You could always test the process. Create a few files with 65536 lines
of bogus IP addresses and add them to your spamdyke configuration.
Watch your server load and I/O load. If it goes up, you'll know you're
going to eventually have problems. If there's no change, you're fine.
Overall however, several thoughts occur to me about what you're doing.
First, be careful not to let the files grow beyond 65536 lines.
spamdyke enforces that limit (arbitrarily) to guard against someone
accidentally specifying the wrong file in their configuration file. If
you need more lines, split the content into two files and use two
ip-blacklist-file entries in your spamdyke configuration.
Second, you're going to have a problem with stale data. RBL operators
clean their lists of bad entries when the IP address stops spamming (or
they're supposed to). However, if you're keeping a big list of
addresses forever, you'll never be able to clean them (unless you store
time/date information somewhere else, like a database). You'll just be
rejecting connections without knowing how long you've been doing it.
Third, I'm not sure you're actually gaining very much by doing this.
Your approach suggests that you expect to see repeated connections from
the same IP addresses for a long time (long enough for the script to run
and make an entry in the file). If an IP connects only a few times and
never again, your approach will actually cause slower performance, not
faster. (A pattern of continually finding new IP addresses is more
realistic, given your statement of adding new entries constantly.) Even
if an IP does connect many times for a long time, your nameserver should
cache the RBL results, making lookups very fast (and very cheap if the
nameserver is running on the mail server). I could be wrong about all
that -- some statistical analysis of your log files would be very
enlightening, as they would show the number of IPs being blocked by RBLs
(new IPs) versus the number of IPs blocked by the blacklist (old IPs).
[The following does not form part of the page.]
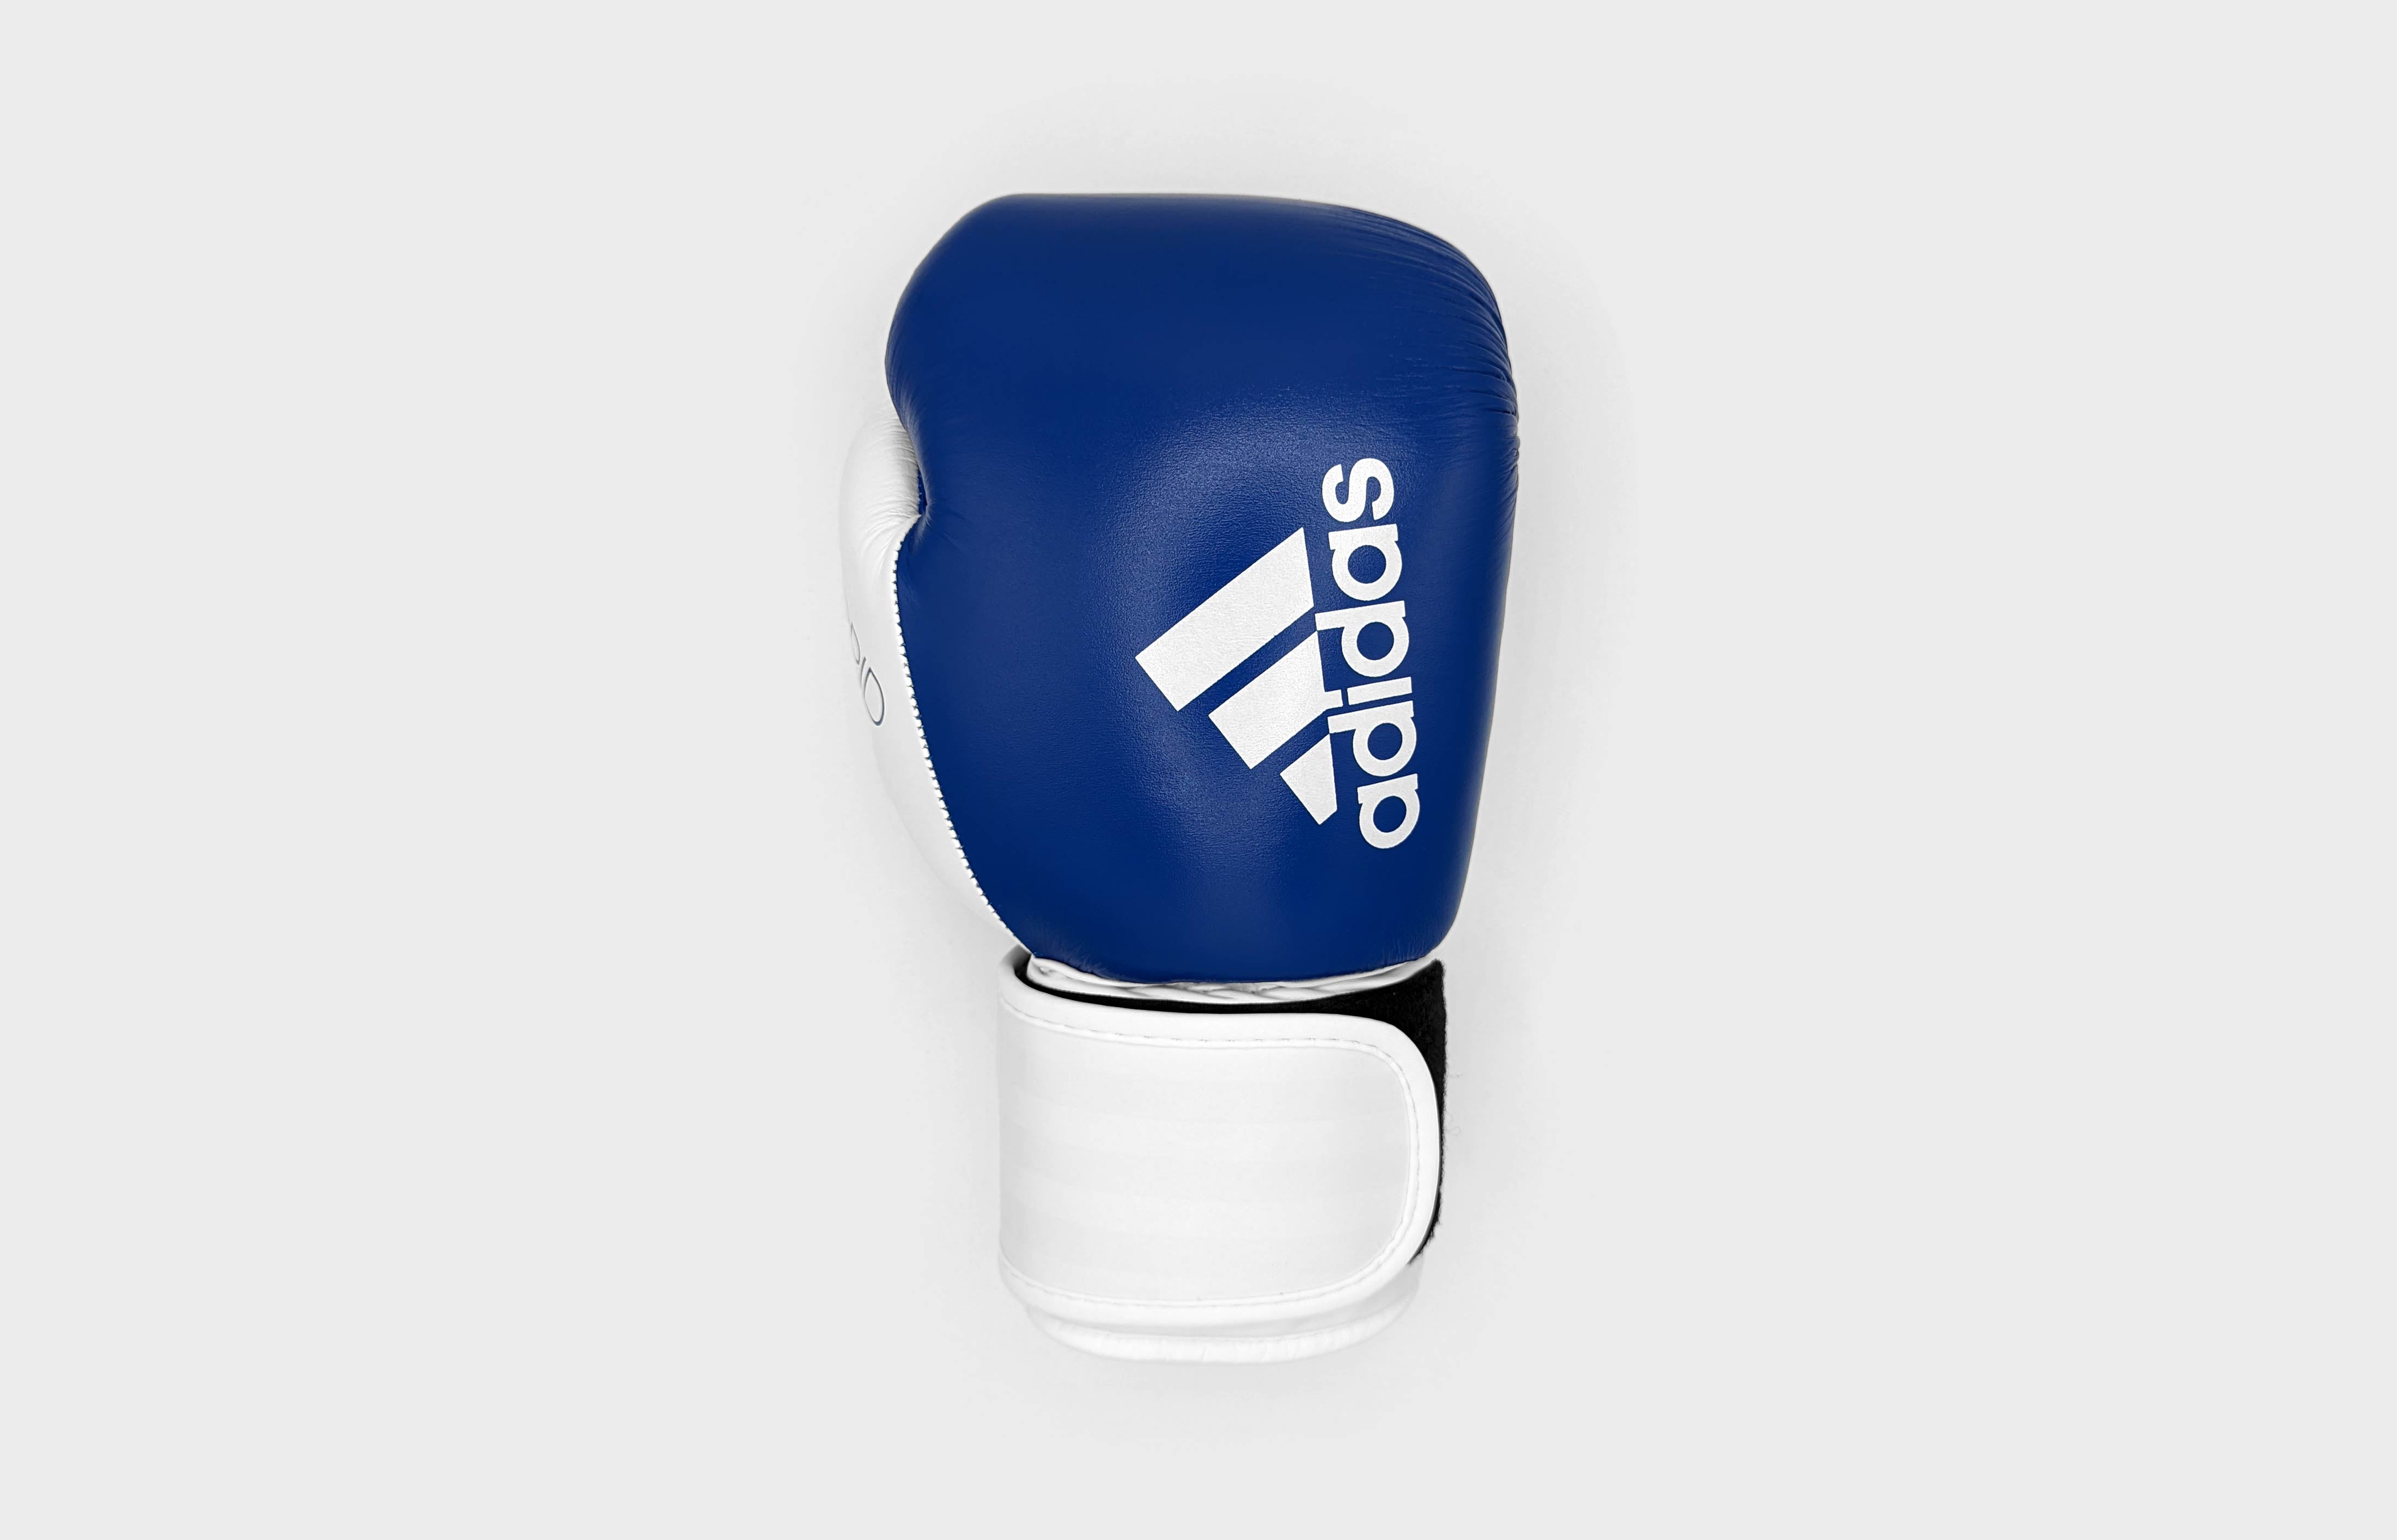 Adidas Hybrid 200 Boxing Gloves

If you really want to continue with this idea, there is another approach
that might work better. It would answer your concerns about file size
and it would allow you to remove entries from the blacklist after some
amount of time. Instead of using a blacklist IP file, use a
configuration directory. Each blocked IP address would have its own
file, which spamdyke would find with only one function call (much
faster). Also, each file would carry a timestamp, so your script could
easily find and remove files that were older than a certain threshold.
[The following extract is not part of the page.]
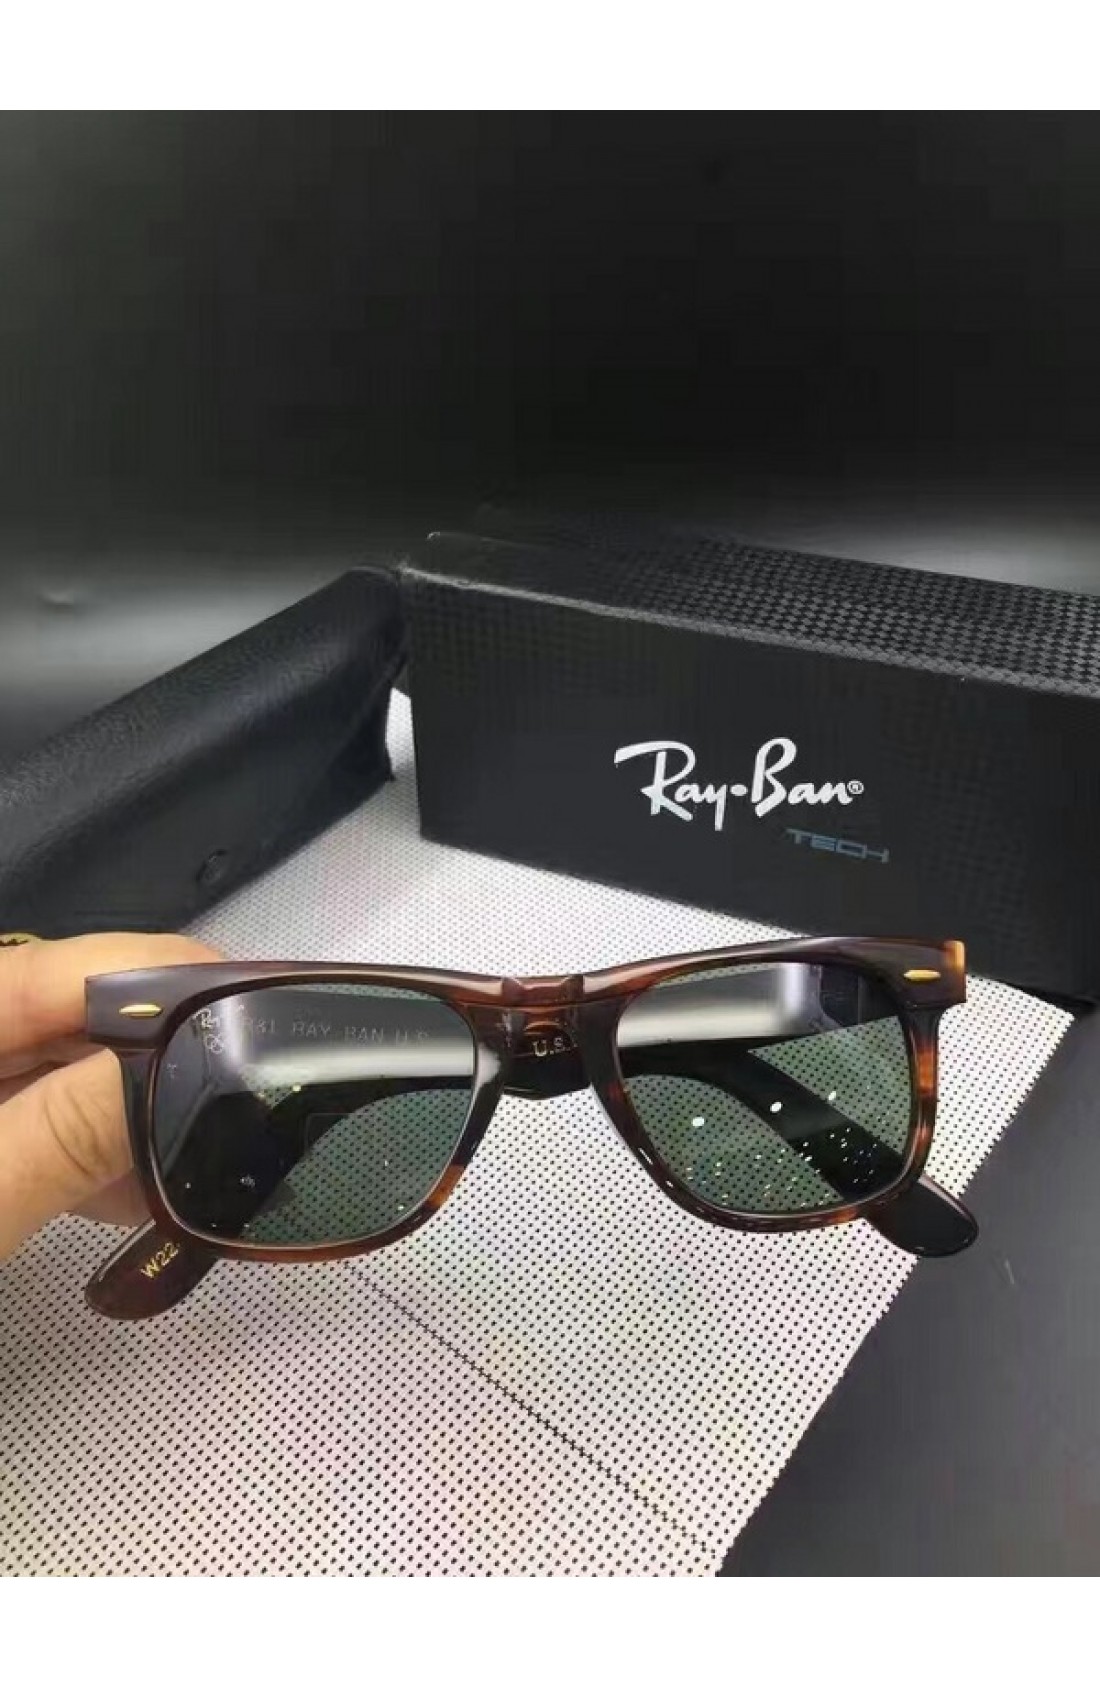 Ray Ban W2244 Wayfarer Sunglasses Brown

To do this, create a folder (e.g. /etc/spamdyke/config.d) and add the
following line to your spamdyke configuration file:
config-dir=/etc/spamdyke/config.d
When your script runs, parse the IP address ww.xx.yy.zz into its four
octets. Use the first three to create a folder:
mkdir -p /etc/spamdyke/config.d/_ip_/ww/xx/yy
Then put the following line into a file named using all four octets
(e.g. /etc/spamdyke/config.d/_ip_/ww/xx/yy/zz):
filter-level=reject-all
If the file already exists when your script runs, just touch it to
update the timestamp so it won't be deleted.
Good luck!
-- Sam Clippinger
TazaTek wrote:
Eric Shubert wrote:
I gather that you're trying to reduce the load on the network by
essentially using the blacklist_ip file as a sort of RBL facility.
Is RBL processing actually creating that much network traffic, or is
this just a guess?
Do you have a caching nameserver installed on your server? You should,
as that will drastically reduce network traffic.
How many / which RBLs are you presently using? You shouldn't need more
than a few. Also, if you've specified an unresponsive or slow RBL, that
can hinder your performance quite a bit
I had some problems with my nameserver last week ... long story... so I
was looking at my RBL list, and thought that I could reduce the overhead
of the RBL lookups by adding the IP to my blacklist_ip file... I've got
the makings of a